Milne Point, Alaska - BP Exploration (Alaska) Inc. in a news release Tuesday announced the successful drilling of a research well on the North Slope in partnership with the U.S. Department of Energy and the U.S. Geological Survey to collect samples and gather knowledge about gas hydrate, a potential long-term unconventional gas energy resource.

The stratigraphic test well enabled BP and the Department of Energy to gather core, log, reservoir performance and fluid data from an ice pad location at Milne Point. The drilling began Feb 3. Field teams began pulling hydrate core samples on Feb. 10. Extensive well logging and wireline formation testing was completed between Feb. 14-18.

"With this project, we have significantly increased our understanding of gas hydrate-bearing formations on the Alaska North Slope," said Scott Digert, BP resource manager and the project's technical adviser. "The results also illustrate the value of collaborative research," he said.

This test well is part of the ongoing research partnership between BP and the Department of Energy, which began in 2002.

Known deposits of methane hydrate in Alaska and other parts of the world are enormous.
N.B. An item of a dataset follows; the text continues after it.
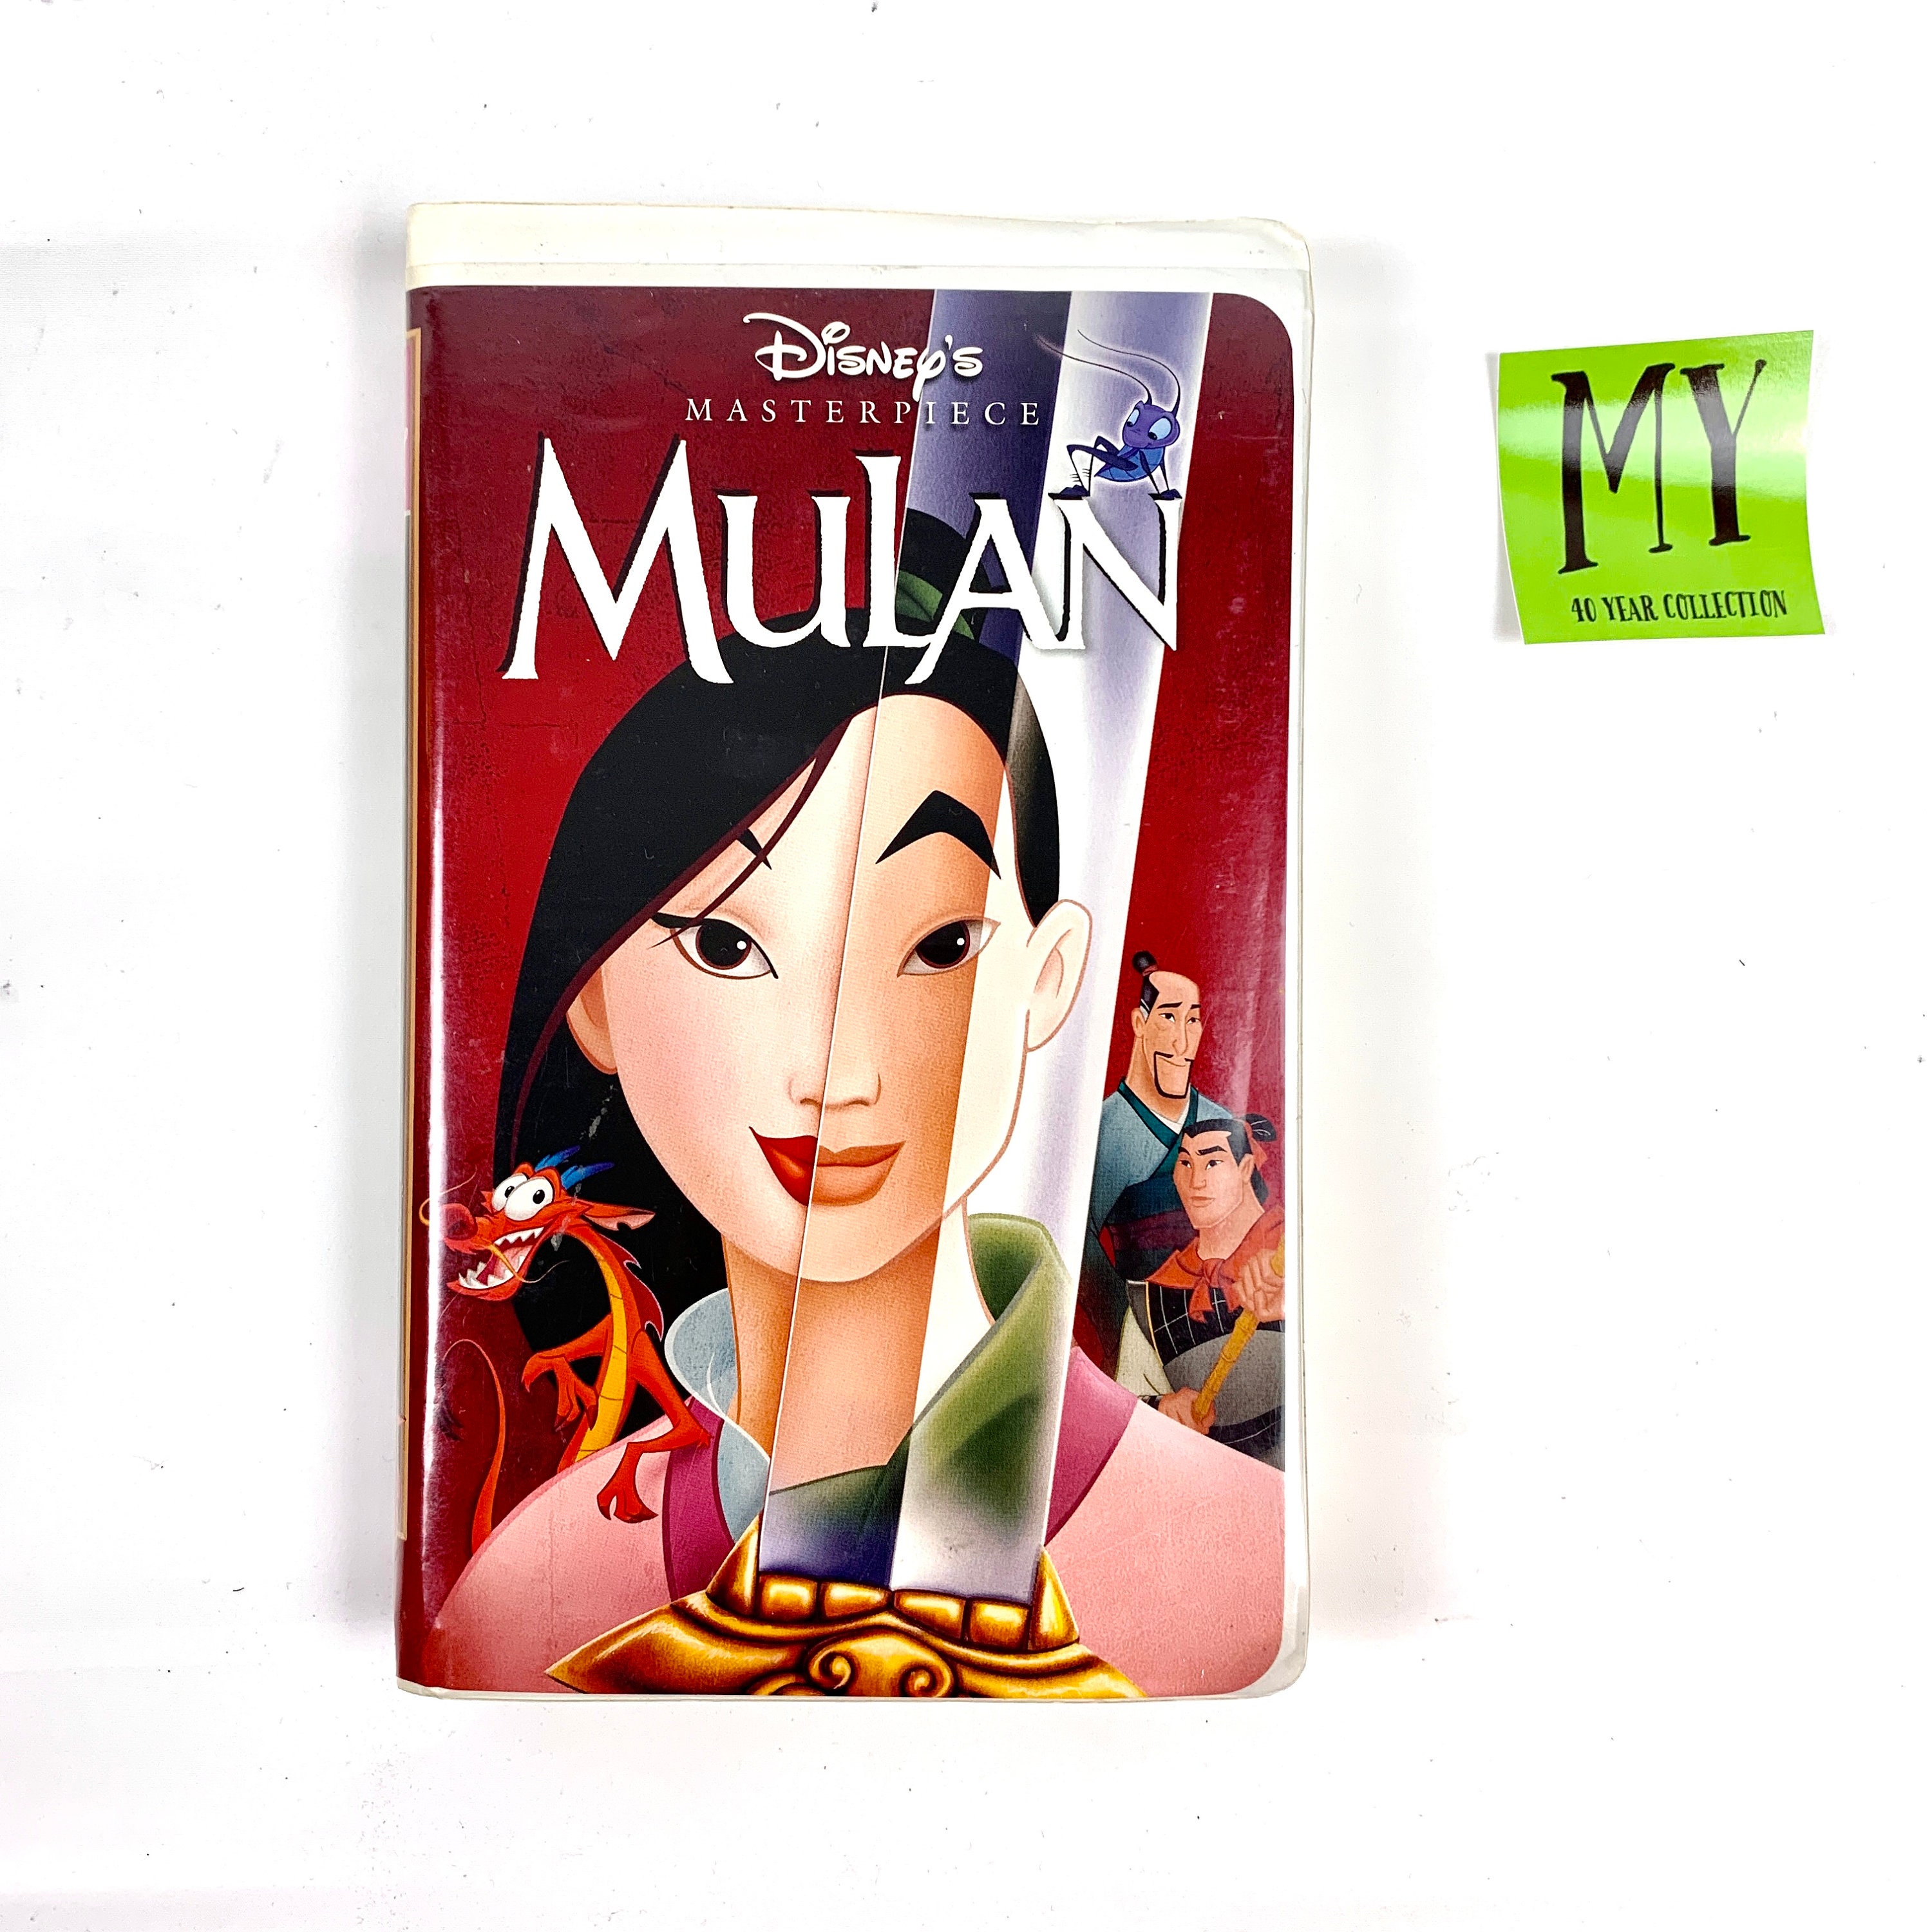 1999 Mulan Disneys Masterpiece Collection VHS Collectible

However, the challenge is finding the technology to unlock the energy, to separate the natural gas from the solid gas-water-ice "clathrate" in which it occurs.

The DOE has identified gas hydrate as a research target and funded the estimated $4.6 million cost of drilling the Milne test well. BP contributed seismic data, staffing and program oversight. The on-site coring and data team included scientists from the USGS, DOE, Oregon State University and an observer from India's hydrate program.
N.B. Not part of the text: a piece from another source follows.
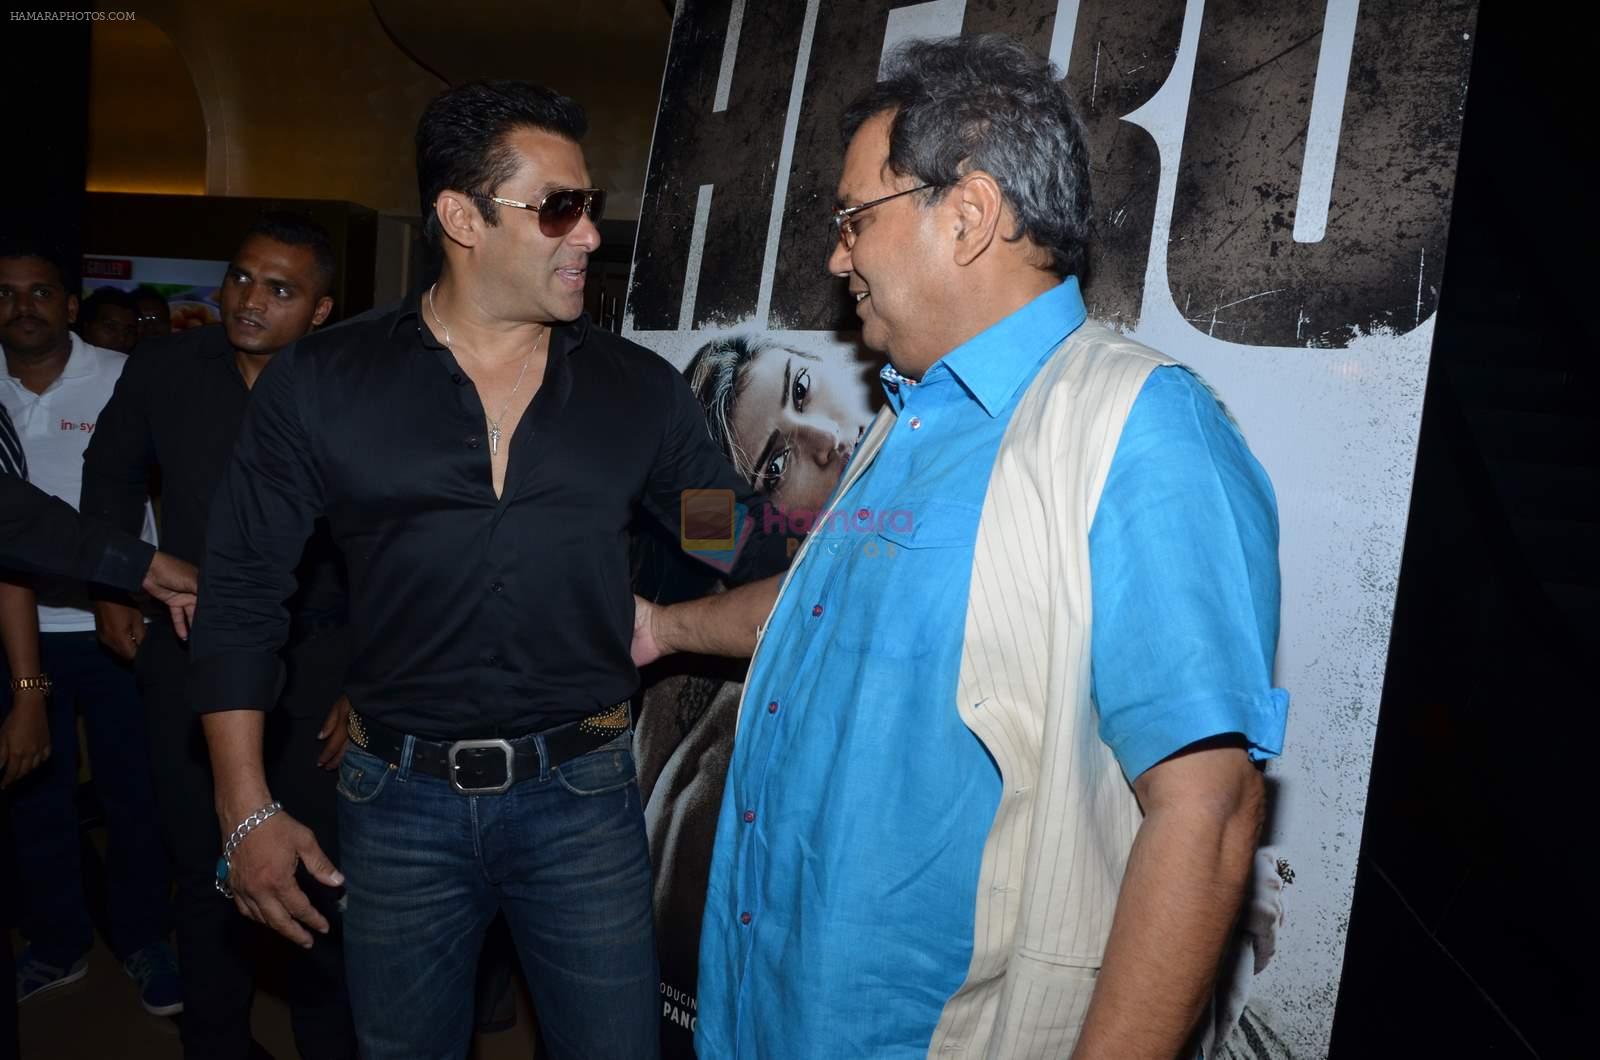 Salman Khan, Subhash Ghai at Hero Tralier Launch on 16th July 2015

Drilling crews and research team members collected about 430 feet of core samples. The cylindrical core segments, about 3 inches in diameter, were initially subsampled and analyzed on site due to the time-and temperature-dependent data requirements. They will be shipped to Anchorage for temporary storage before being distributed to gas hydrate researchers around the country. Subsequent data collection and analysis will continue for several months. A report of findings will be released thereafter.
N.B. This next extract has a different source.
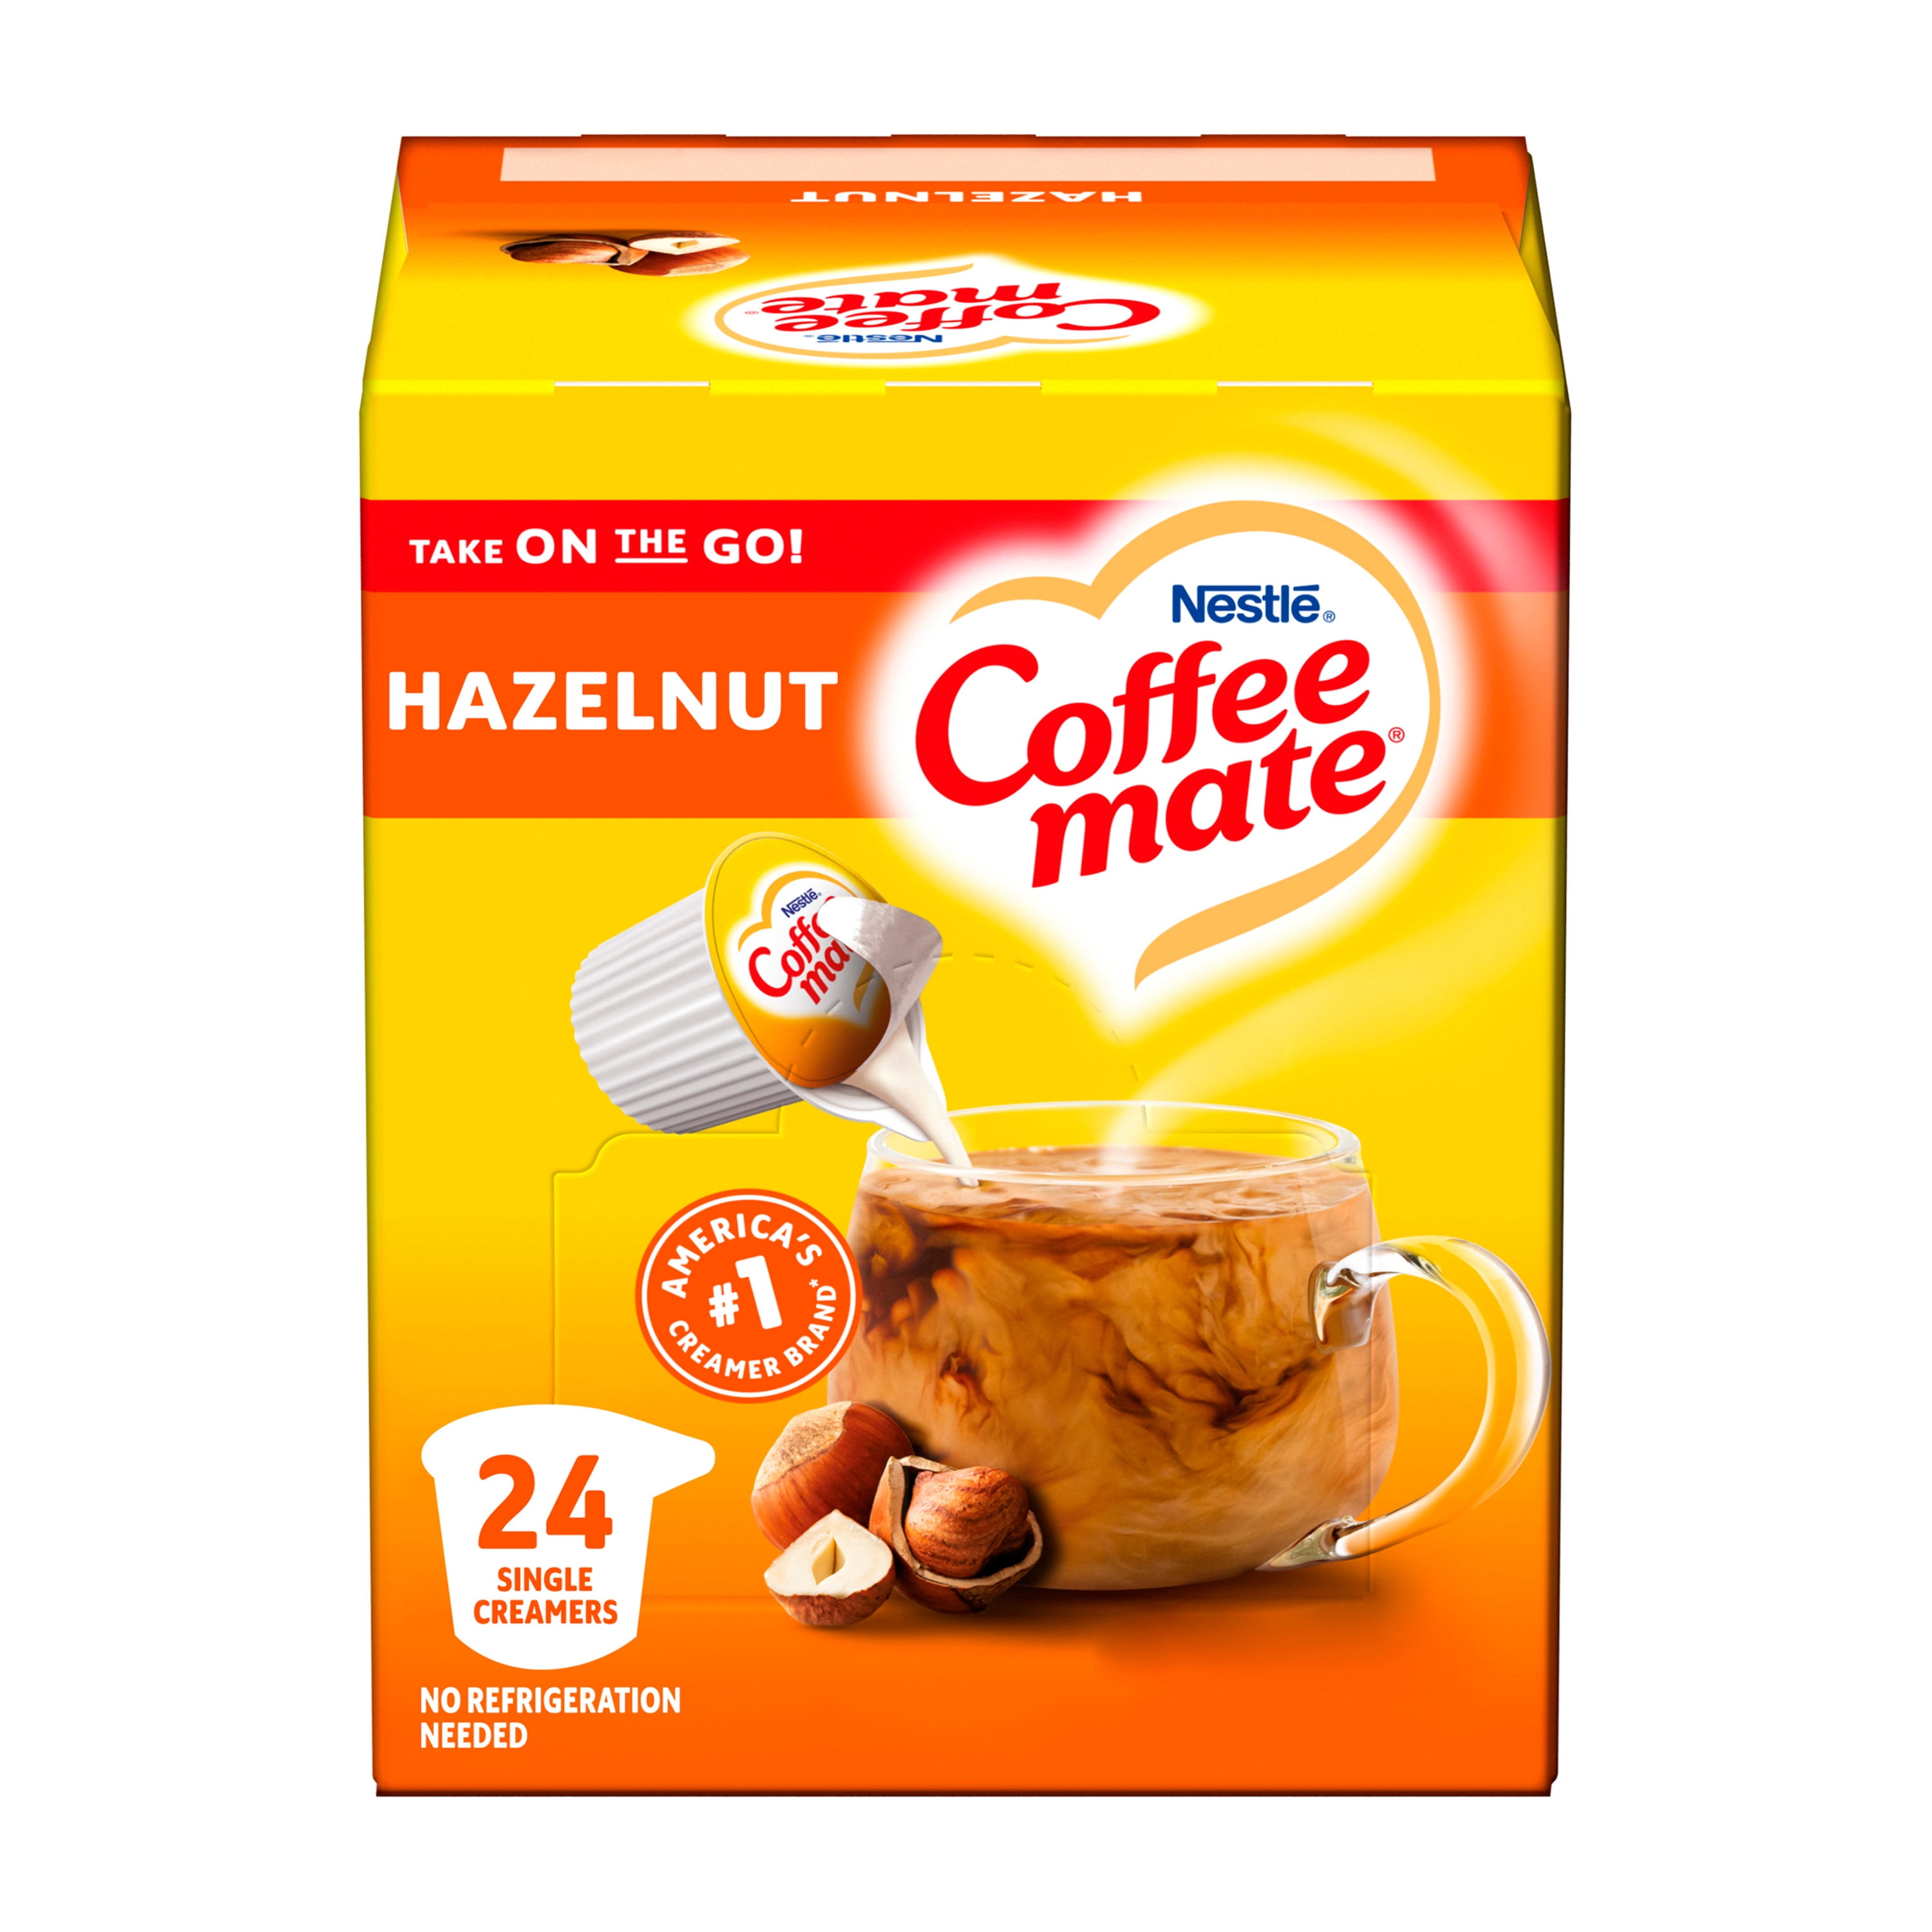 Nestlé Coffee Brands

Methane hydrate is a solid substance that forms by combining gas and water within the pore space of sediments within a defined pressure/temperature stability window. Those conditions occur within and beneath permafrost in onshore areas and beneath the seafloor in offshore regions.

On the North Slope, gas hydrate has been found in numerous locations during drilling for oil and gas. At Milne it is located in the Sagavanirktok formation, in dispersed deposits beneath the permafrost, about 1800 to 2500 feet below the surface.

The gas is contained within a solid "clathrate" structure which compresses 160-180 unit volumes of gas into a single volume of gas hydrate.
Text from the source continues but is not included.